Exactly one year earlier, Baltimore City State’s Attorney Marilyn Mosby penned an op-ed for the Washington Post in which she warned President Trump she would prosecute any “militarized federal agents (sent) to Baltimore City to attack our citizens by making illegal arrests, kidnapping people, (or) assaulting them…” What a difference a year makes. Mosby and her husband are now under a federal criminal investigation for financial wrongdoing, having bought two homes in Florida since last September for more than $1 million.

Portland offers a cautionary tale on doubling down. Last summer, its city council cut $15 million from the police department while zeroing out the gun-violence team’s 38 positions. Murders are now on track to exceed the city’s record high of 70 killings set in 1987. The city now wants to bring back the gun-violence squad, but only four police officers have applied to work on the new 14-member team whose required qualifications include the ability to fight systemic racism. In the meantime, mostly minority Portlanders are being killed.

Lessons from the Los Angeles Riots

The city of Los Angeles in the wake of the 1992 L.A. riots offers the most dramatic example of a city changing course, although perhaps the events of 1992 during the height of America’s crime wave are of a different nature than today’s challenges.
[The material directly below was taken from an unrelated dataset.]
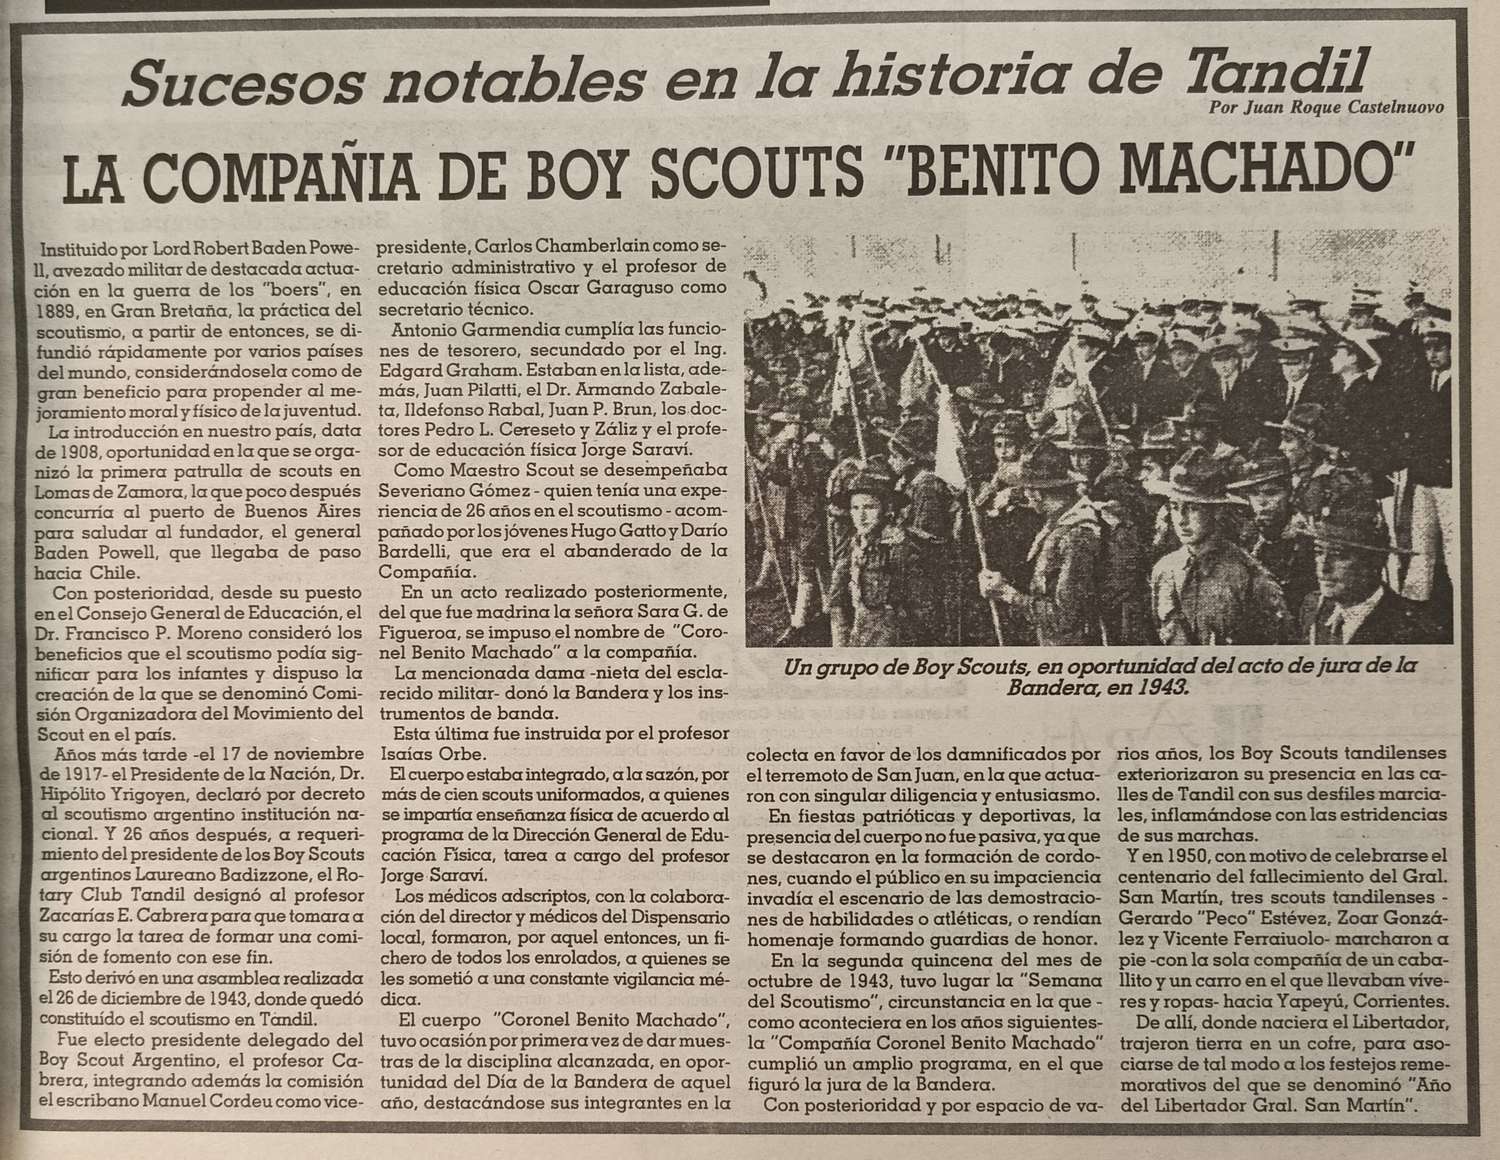 La compañía de Boy Scouts "Benito Machado"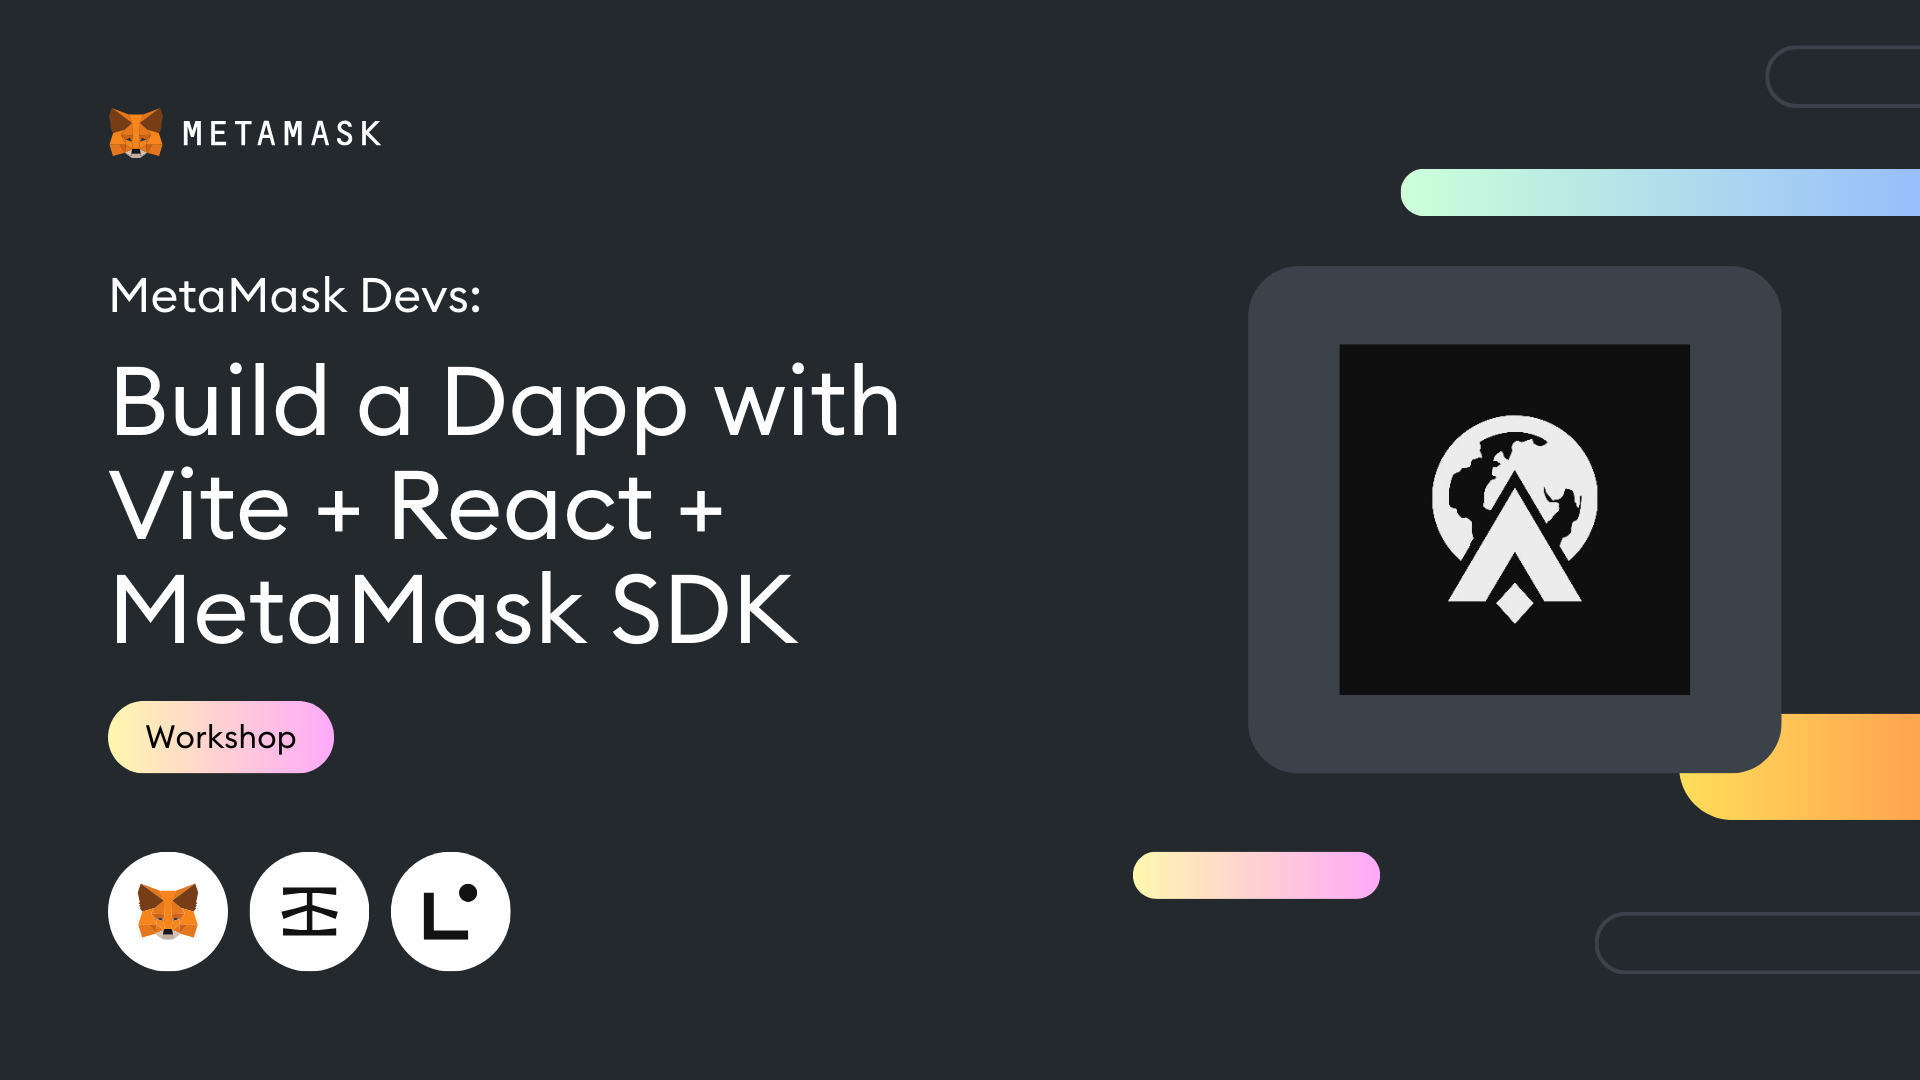 Build a Dapp with ViteJS, React and MetaMask SDK

Due in equal parts to the advent of social media and the fading of time, however, most Americans likely think 2020’s unrest was far worse than what occurred over six days in Los Angeles in April and May of 1992.

In summer 2000, more than 62,000 National Guard members were deployed in response to unrest in more than 30 states and 200 cities, including Washington, D.C. Property damage in the first two weeks of violence starting May 26 totaled $1 to $2 billion in insured losses with some 14,000 arrested by the end of June.

By comparison, the 1992 L.A. riots saw 12,111 arrests with $1.8 billion of property damage in inflation-adjusted dollars. In addition, 10,000 National Guard troops were deployed to help restore order, with an additional 3,500 active-duty forces brought into the L.A. area. In other words, the six days of violence and destruction in Los Angeles in 1992 was about equal to the paroxysms of rioting, looting, and arson over the two most intense weeks nationwide in 2020.

So, what happened in L.A.? In 1992, Los Angeles suffered its worst year of violent crime. There were calls to reform the Los Angeles Police Department (LAPD)—and to significantly increase its numbers.

A year after the riots, Los Angeles elected its first Republican mayor in 32 years with Richard Riordan calling to increase the LAPD by 40 percent over five years. While the Democratic supermajority on the city council resisted Riordan’s efforts to expand the LAPD, the force did in fact grow from 7,600 in 1993 to 12,954 in 2019, an increase of 70 percent, while the city’s population expanded by only 12 percent over the same period. This increased the force patrolling the city from about 2.2 law enforcement personnel per 1,000 people in 1993 to 3.2 per 1,000 in 2019.

New York City’s recent mayoral primary offers hope that voters may turn things around themselves. Eric Adams, a former police captain, narrowly won the Democratic nomination for mayor while voicing opposition to defunding the police. Running as a centrist, Adams beat out New York Times-endorsed Kathryn Garcia, Maya Wiley, the Rep. Alexandria Ocasio-Cortez-approved candidate, Andrew Yang, and others.

Adams faces Republican Curtis Sliwa, the founder of the Guardian Angels, in the general election in November. Adams’s victory will continue New York City’s traditional robust financing of a police department with a per capita staffing level 80 percent above the national average. The violent crime rate in New York was 56 percent higher than the national average, but still far below most major cities.

The Defund the Police movement will inevitably collide with the reality of rising crime in elections through 2022. Results at the local level will be uneven. Nationally, however, Democrats who don’t unequivocally support law enforcement will face strong electoral headwinds from voters of every race and ethnicity who prize their own safety above rhetoric.

Chuck DeVore is vice president of national initiatives at the Texas Public Policy Foundation and served in the California State Assembly from 2004 to 2010.